> **TASK ITEM**:
All the lines below should appear again unchanged, though their pictures should not.

> **DATASET EXCERPT**:
★ ★ ★ ★
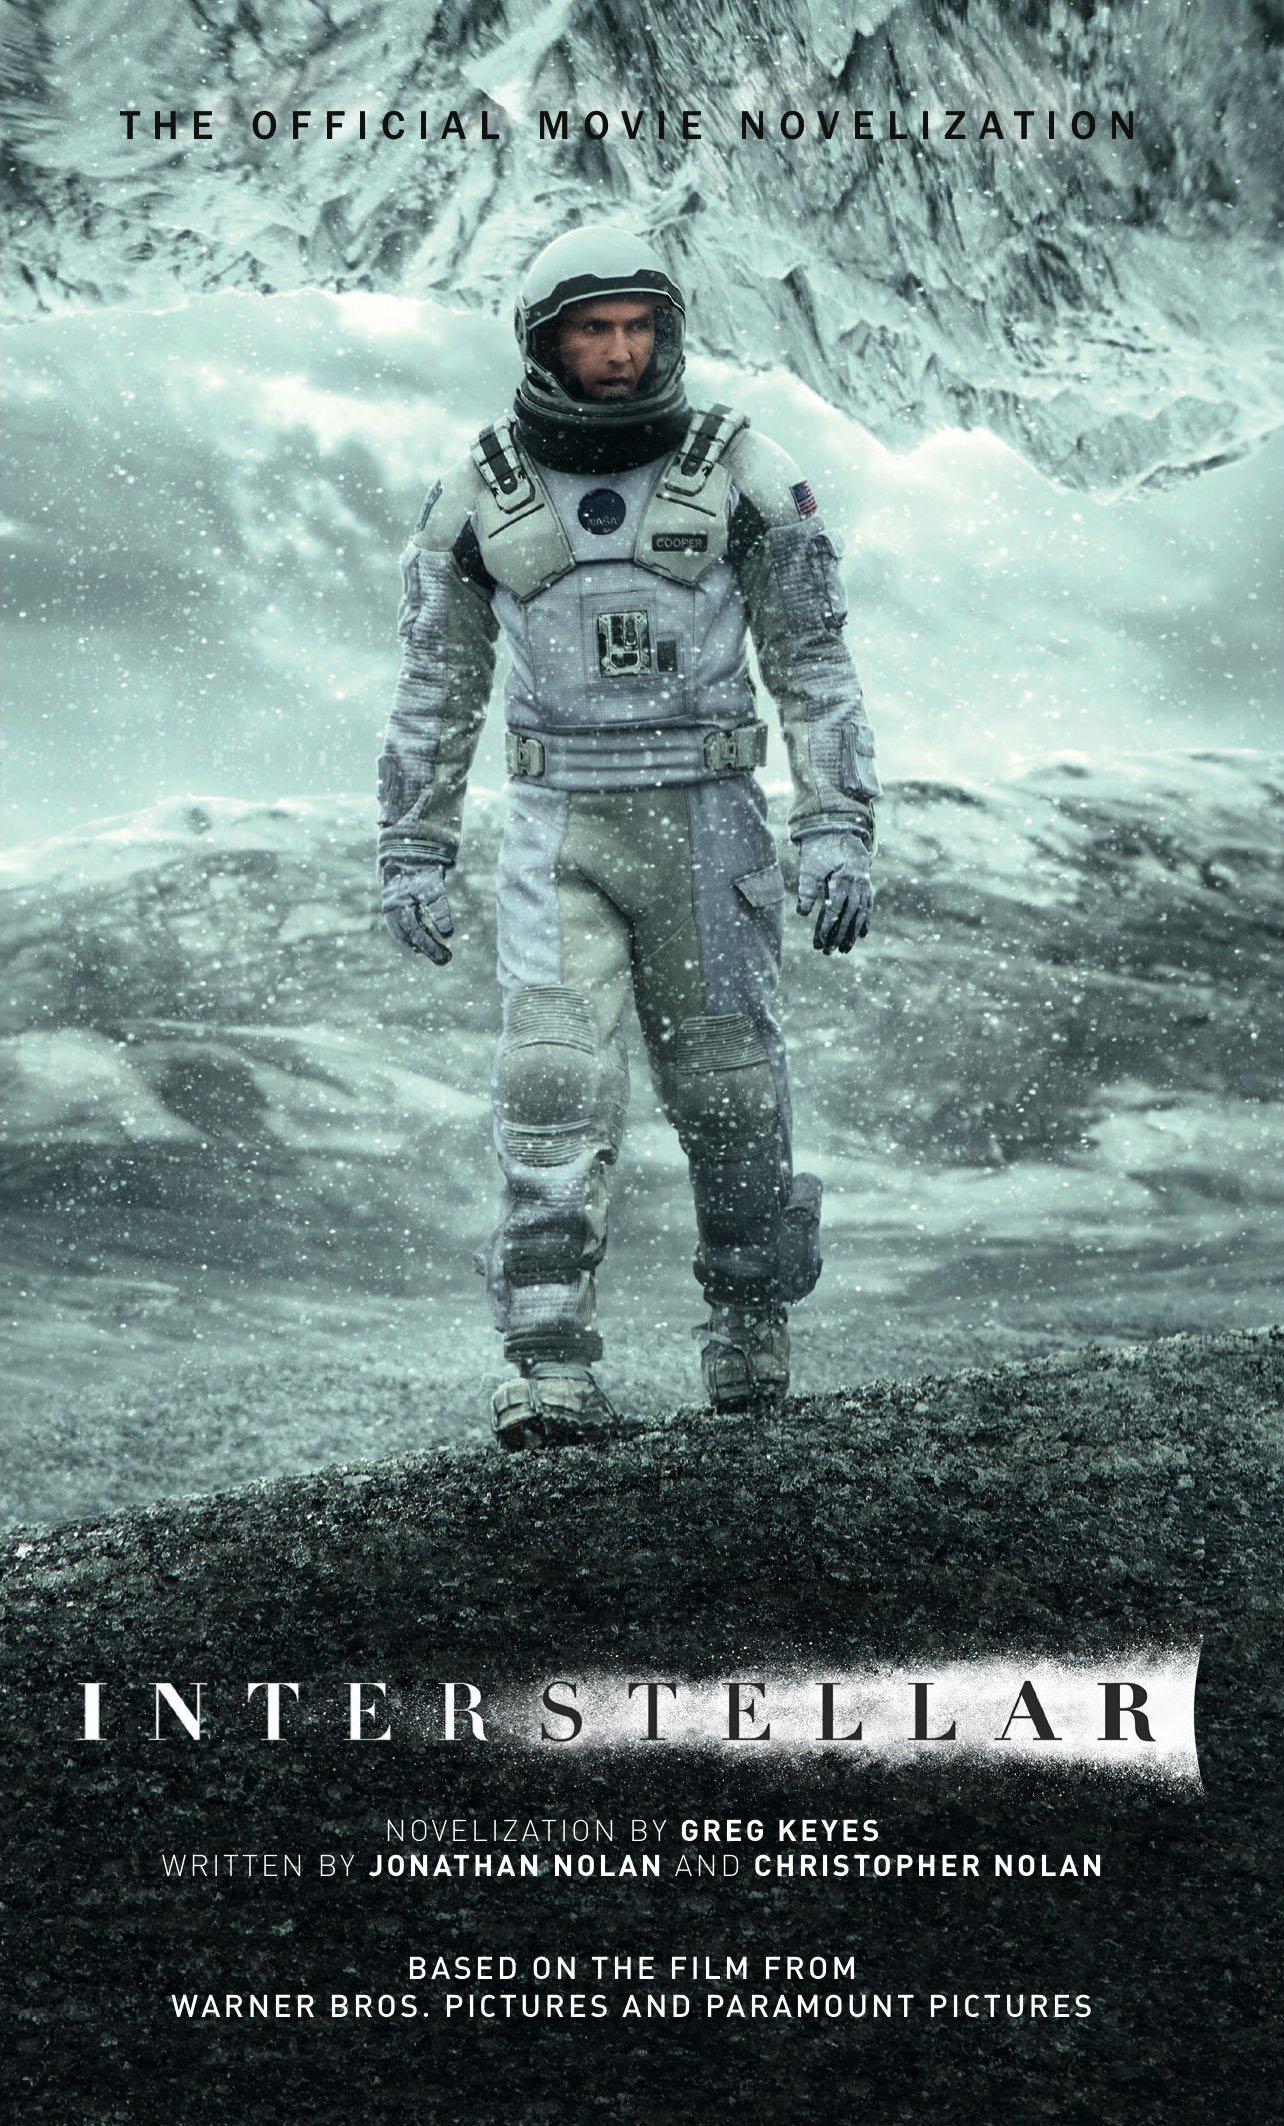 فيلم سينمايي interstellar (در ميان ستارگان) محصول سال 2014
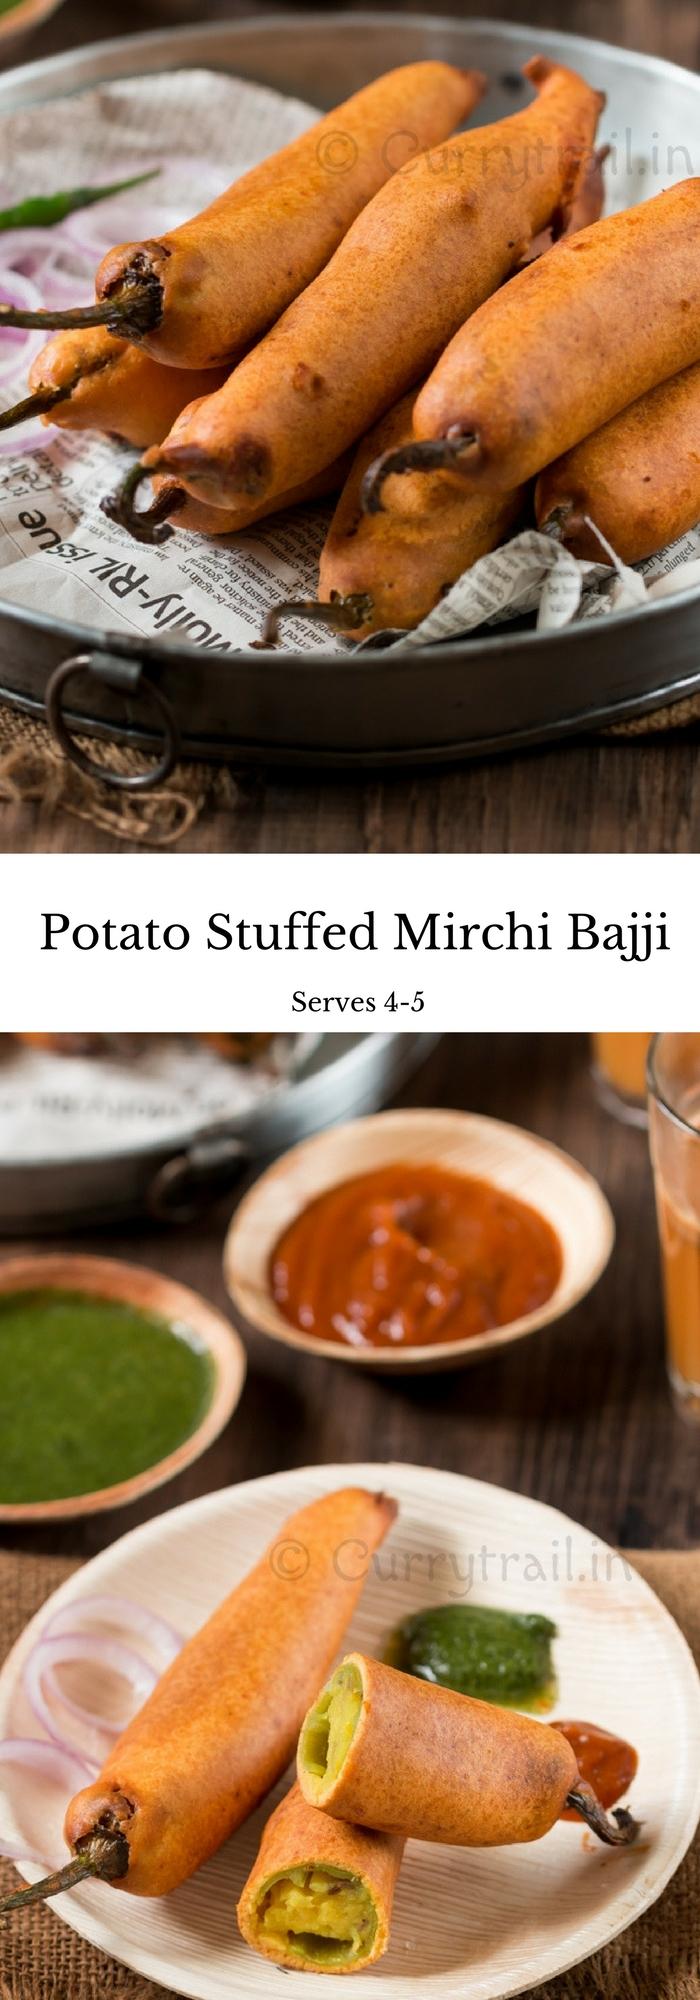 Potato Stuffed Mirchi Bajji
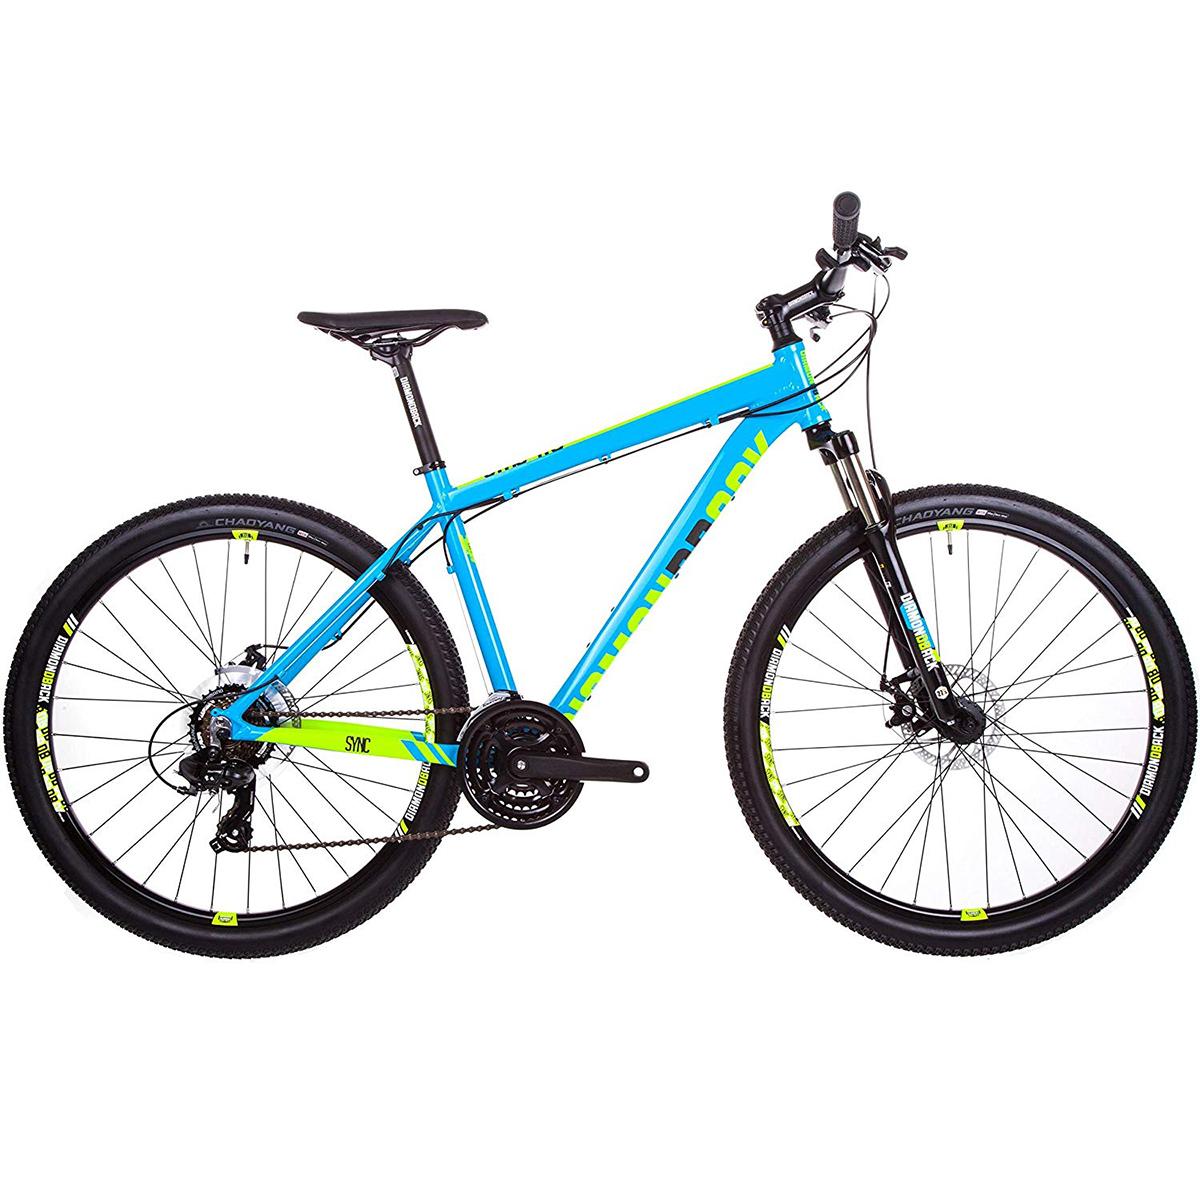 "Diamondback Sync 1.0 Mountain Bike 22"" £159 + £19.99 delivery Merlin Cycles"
★ ★ ★ ★
> **EXPECTED ANSWER**:
 فيلم سينمايي interstellar (در ميان ستارگان) محصول سال 2014
 Potato Stuffed Mirchi Bajji
 "Diamondback Sync 1.0 Mountain Bike 22"" £159 + £19.99 delivery Merlin Cycles"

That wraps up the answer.